I totally agree, sorry66. My point was just that 'horror' as a genre can cross and overlap with other genres.
Anyway, focusing on 'scary movie': ok, it's not a genre, just... a movie that scares the audience (thank you london calling! ). So far we've found many words to express it in Italian: all correct, as far as I can see, though some of them fit only in specific proper contexts.
If we agree that the meaning is 'movie that scares the audience', *film di paura* seems to me the most general term, as well as the most effective in many ways.
Thank you everybody for the enriching thread!


----------



## london calling

Yes, Peg, I still think _film di paura_ as suggested by danalto is the best translation. _Film d'orrore_ (horror film) )  is too specific.
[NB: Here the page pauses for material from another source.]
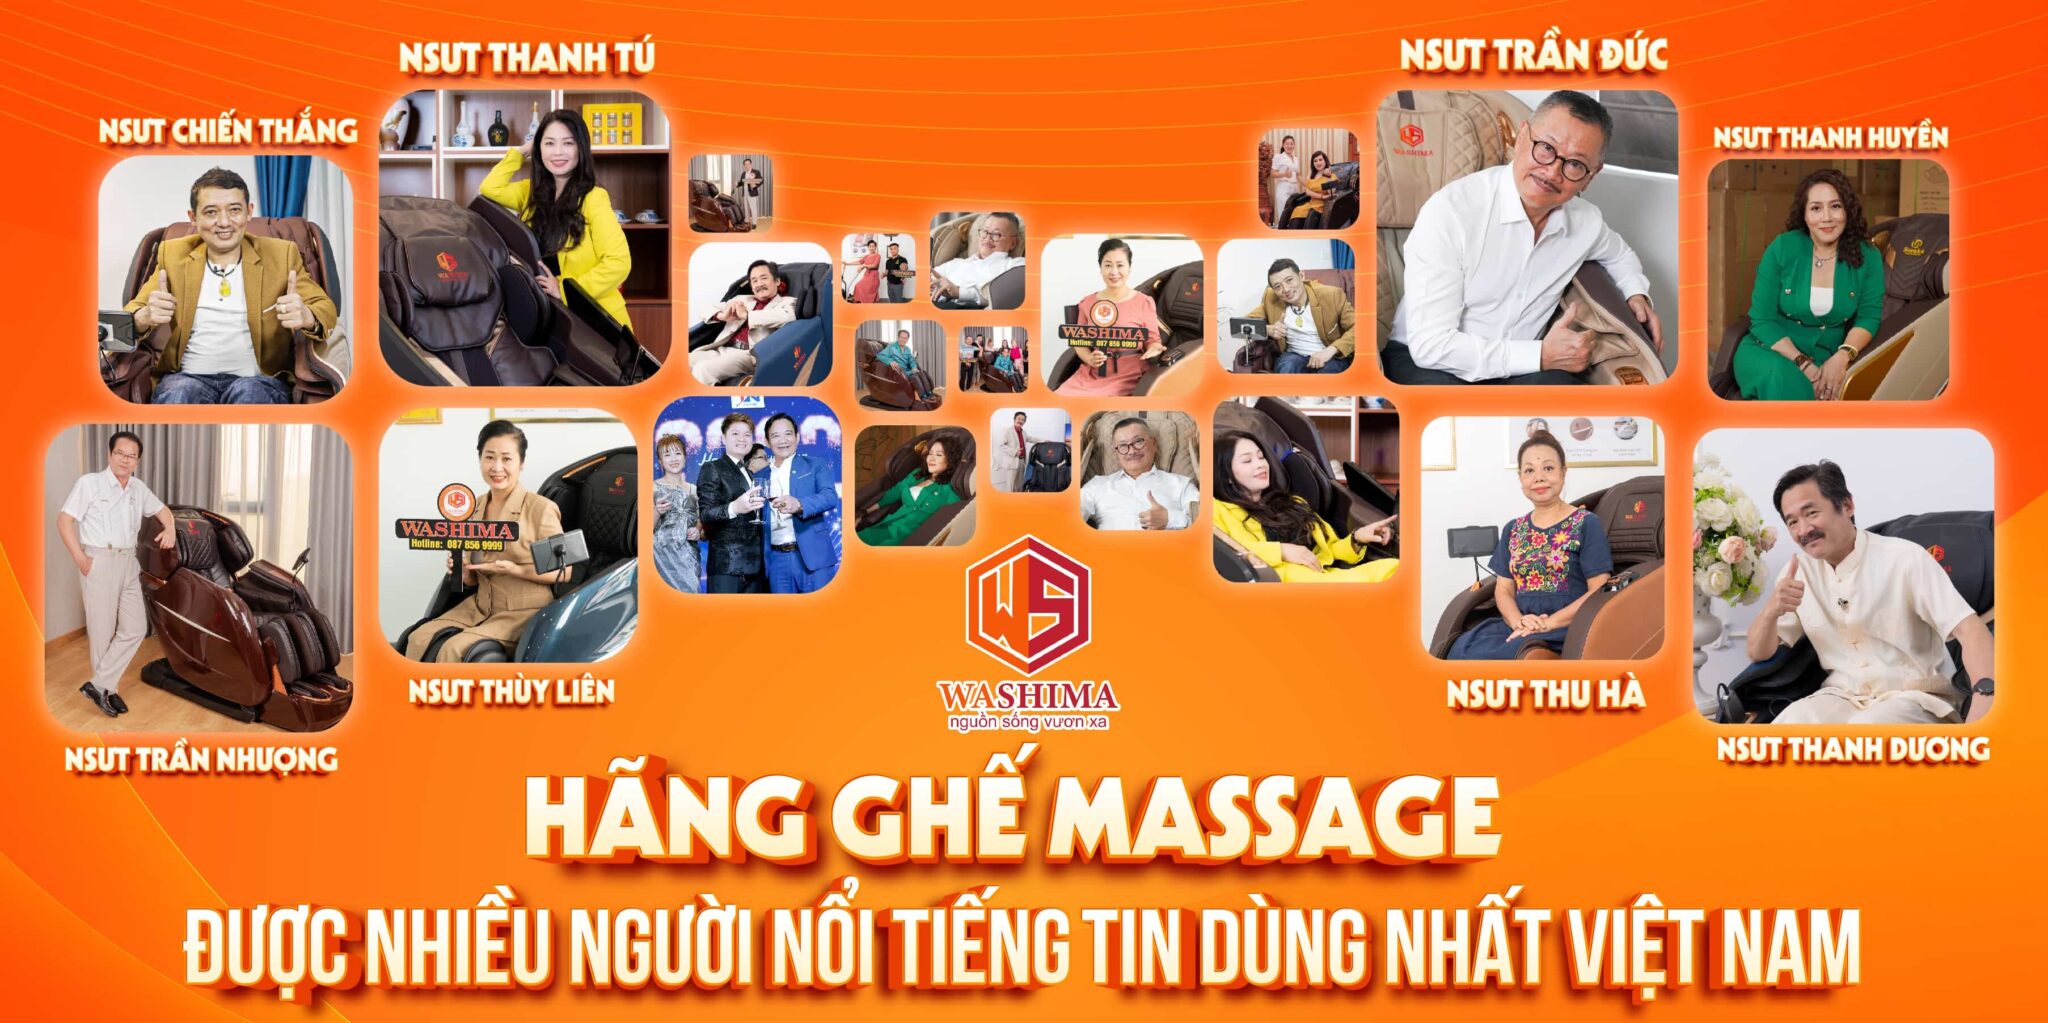 Thương hiệu máy massage Washima hiện được nhiều người nổi tiếng tin dùng

If we just use the expression in normal conversation, however, we could translate it different ways, e.g.:

_Alien_ was a really scary movie. Remember that scene when...?
_Alien_ mi ha terrorizzata/mi ha fatto una paura! Ti ricordi la scena in cui...?


Ovviamente potremmo dire "mi ha fatto cagare sotto" warning:it made me shit my pants) e tutta un'altra serie di cose, ma andremmo decisamente off-topic (e in ogni caso ci sono già dei thread che ne parlano).


----------



## sorry66

Hi,  LC, you seem to be making a distinction between 'scary movie' and 'horror film' which doesn't really exist. 

'Scary' is just more colloquial (see post #19 - it's something that children would say), it's not how film critics would categorise a film.

There are, basically, two types of horror film. One with unrealistic _'blood and guts' type_ 'thrills and spills' and the other with more supernatural, spooky sort of horror.


----------



## Mary49

Concordo con "film pauroso"  post#11     http://www.treccani.it/vocabolario/pauroso/      "2. Con valore attivo, che mette, che incute paura: un mostro dall’aspetto p.; un p. precipizio; la parete del monte scendeva con un p. strapiombo; era una notte p.; fu assalito da immagini p.; ".


----------



## london calling

sorry66 said:


> Hi,  LC, you seem to be making a distinction between 'scary movie' and 'horror film' which doesn't really exist.


Yes it does. A _horror film_ is a genre, a scary movie is just ...a scary movie. It's just a desccription or a reference to the _Scary Movie_ parody films I mention above).

_Alien_ is a scary movie, but it isn't a horror film. _Bambi_ is a scary movie (if you're about 6) but it certainly isn't a horror film.

NB:_ Film d'orrore_ is the Italian translation of Horror Film.


----------



## King Crimson

I agree, to me not all "film di paura" (or scary movies) necessarily are horror films. I'm not sure about _Alien_ (I would define it a science fiction-horror film) but a good example of a really scary (but not horror) film would be Profondo Rosso by Dario Argento, an Italian _giallo_ film as described in Wikipedia.


----------



## sorry66

@london calling Films don't always fit into neat categories.
_
Alien_ is a horror film,  as well as a sci-fi film, and an action film.

http://www.timeout.com/london/film/the-100-best-horror-films-alien

A 'scary film' is just an everyday way to describe a film that makes you scared and that's what I've been saying. A horror film (yes, it's a genre)  is supposed to make you scared too, even though something like Hammer and other dated films are more laughable than anything else.

Edit: Cross with KC.


----------



## london calling

Exactly what I've been saying, you mean. You said you thought it could mean 'horror film', which of course it can, but not necessarily.


----------



## bobes

sorry66 said:


> Isn't 'scary movie/film' just a childish way of describing a 'horror film'?






Mary49 said:


> Concordo con "film pauroso"  post#11     http://www.treccani.it/vocabolario/pauroso/      "2. Con valore attivo, che mette, che incute paura: un mostro dall’aspetto p.; un p. precipizio; la parete del monte scendeva con un p. strapiombo; era una notte p.; fu assalito da immagini p.; ".


Grazie


----------



## epoqueepique

what is "un film del brivido" ??

Is it impossible to use spaventoso?

"No country for old men" is a scary movie, "Homeland" is scary, many films are, but they're not horror films...


----------



## london calling

A _film del brivido_ is another way of saying _film d'orrore/film dell'orrore_, according to De Mauro, I quote:

_del brivido_
_loc.agg.inv. CO dell’orrore: racconto, film del brivido_

A horror film.


----------



## epoqueepique

Thank you LC, sorry I was lazy


----------



## bobes

epoqueepique said:


> Is it impossible to use spaventoso?


Puoi anche usare spaventoso, ma in generale spaventoso si riferisce a situazioni del mondo reale. Una scena di un film ovviamente non può essere tale.


----------



## epoqueepique

Grazie mille, bobes. Allora un film, una cosa del mondo reale, non può essere spaventoso...?


----------



## bobes

Il contenuto del film non è reale, il dvd che lo contiene è reale... ma a te non spaventa il dvd, vero?


----------



## epoqueepique

Talvolta mi spaventa la copertina...!


----------



## bobes

epoqueepique said:


> Talvolta mi spaventa la copertina...!


----------